How to complete this task: Write out the data word for word and omit every picture.

(Data section begins)

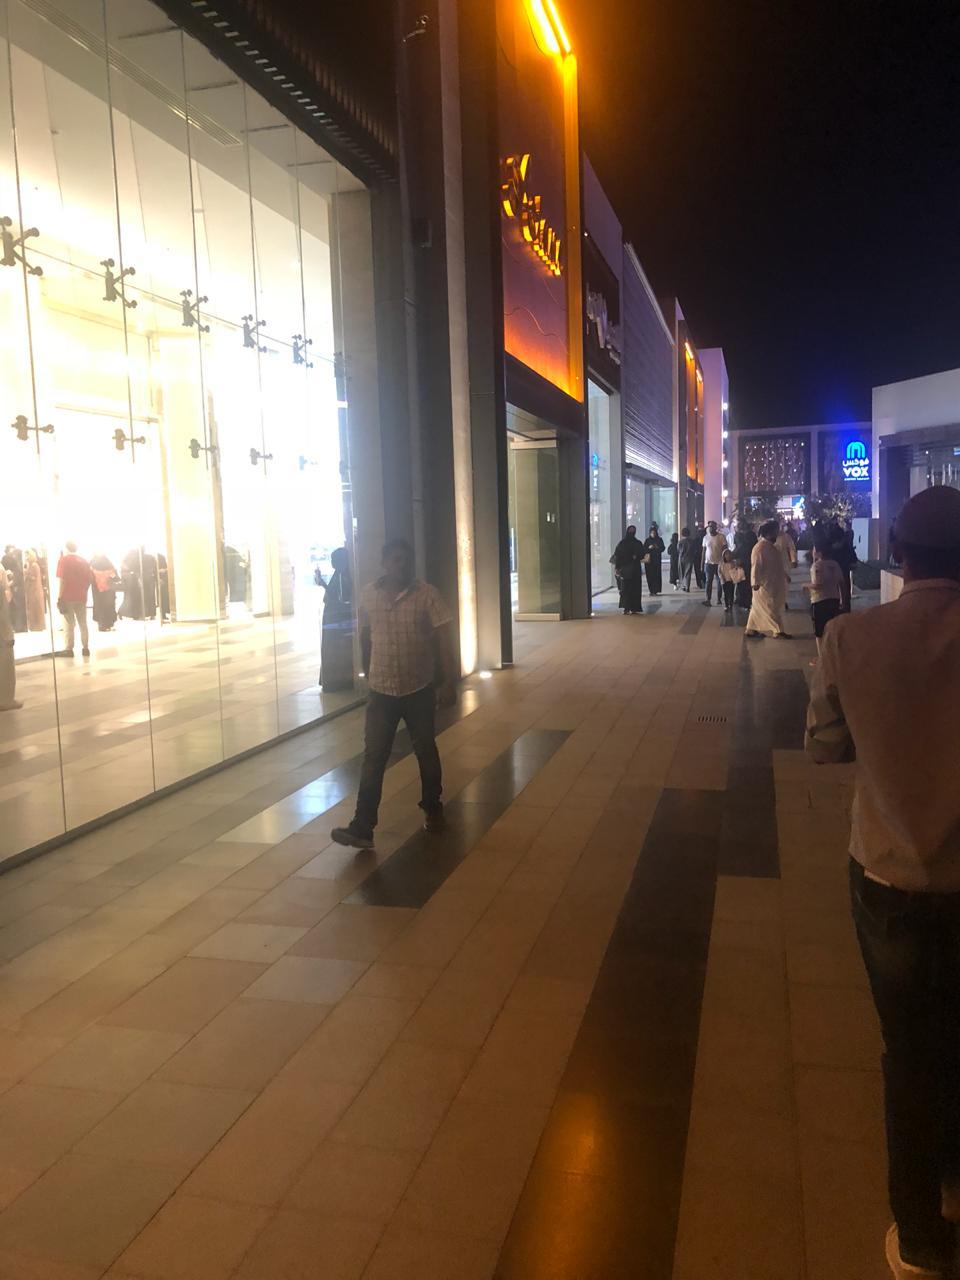 فيديو وصور واجهة الرياض تجربة تجمع الترفيه والثقافة معارض عالمية بـ18صالة عرض 300 قطعة تاريخية وأثرية وتجارب محاكاة بمعرض الفضاء معرض الصقور والألعاب يجذب السائحين والتراث السعودى فى أنا عربية اليوم السابع
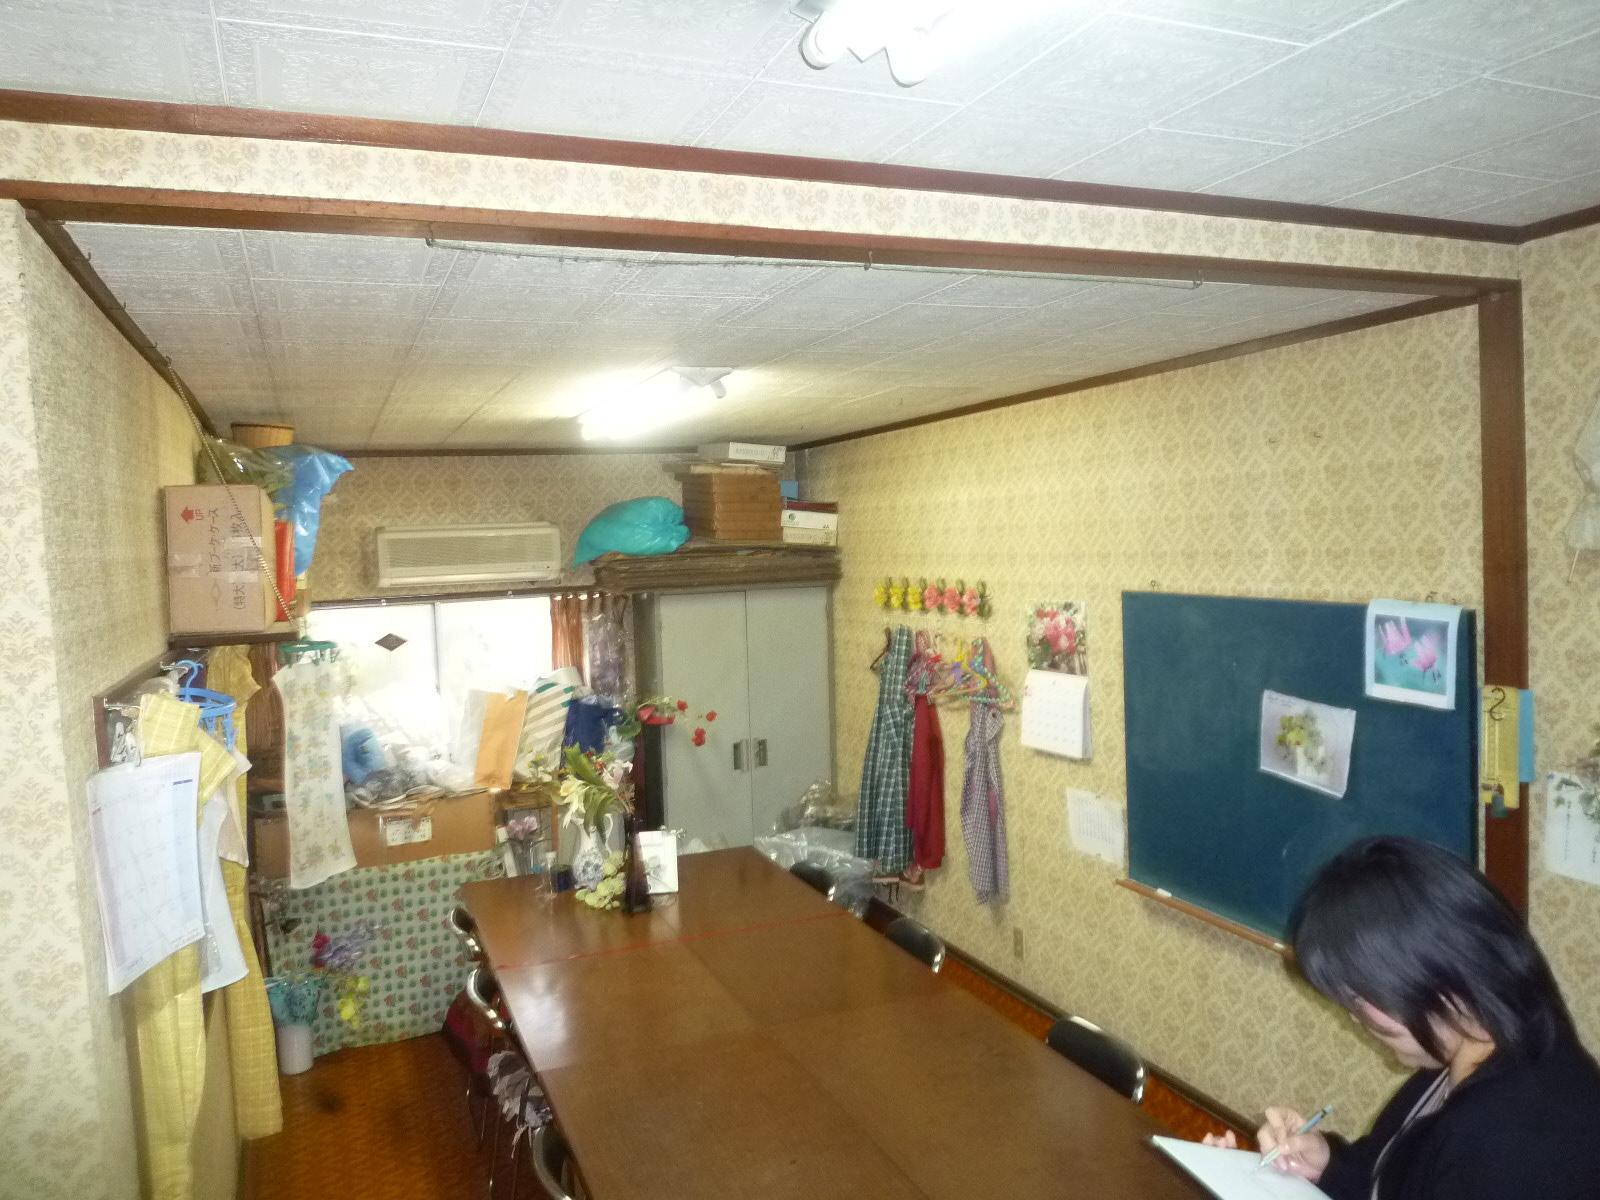 フラワー教室の店舗改修のリノベーション前の写真
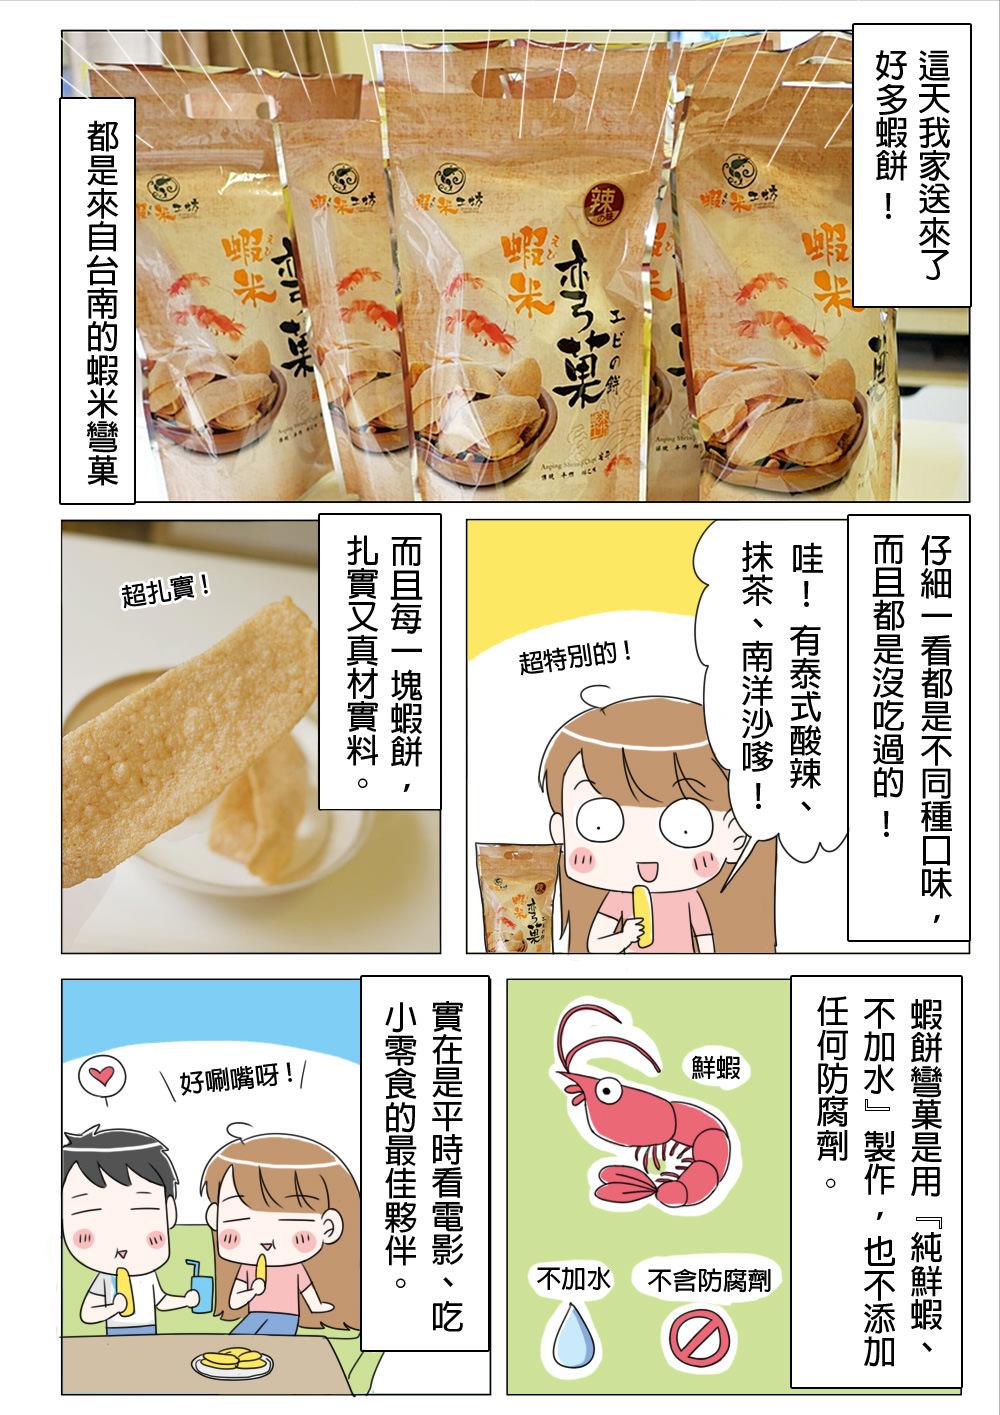 台南 團購 美食 蝦米工坊  純鮮蝦 無油感 大人小孩都能安心食用

(Data section ends)

Answer to the problem:
 فيديو وصور واجهة الرياض تجربة تجمع الترفيه والثقافة معارض عالمية بـ18صالة عرض 300 قطعة تاريخية وأثرية وتجارب محاكاة بمعرض الفضاء معرض الصقور والألعاب يجذب السائحين والتراث السعودى فى أنا عربية اليوم السابع
 フラワー教室の店舗改修のリノベーション前の写真
 台南 團購 美食 蝦米工坊  純鮮蝦 無油感 大人小孩都能安心食用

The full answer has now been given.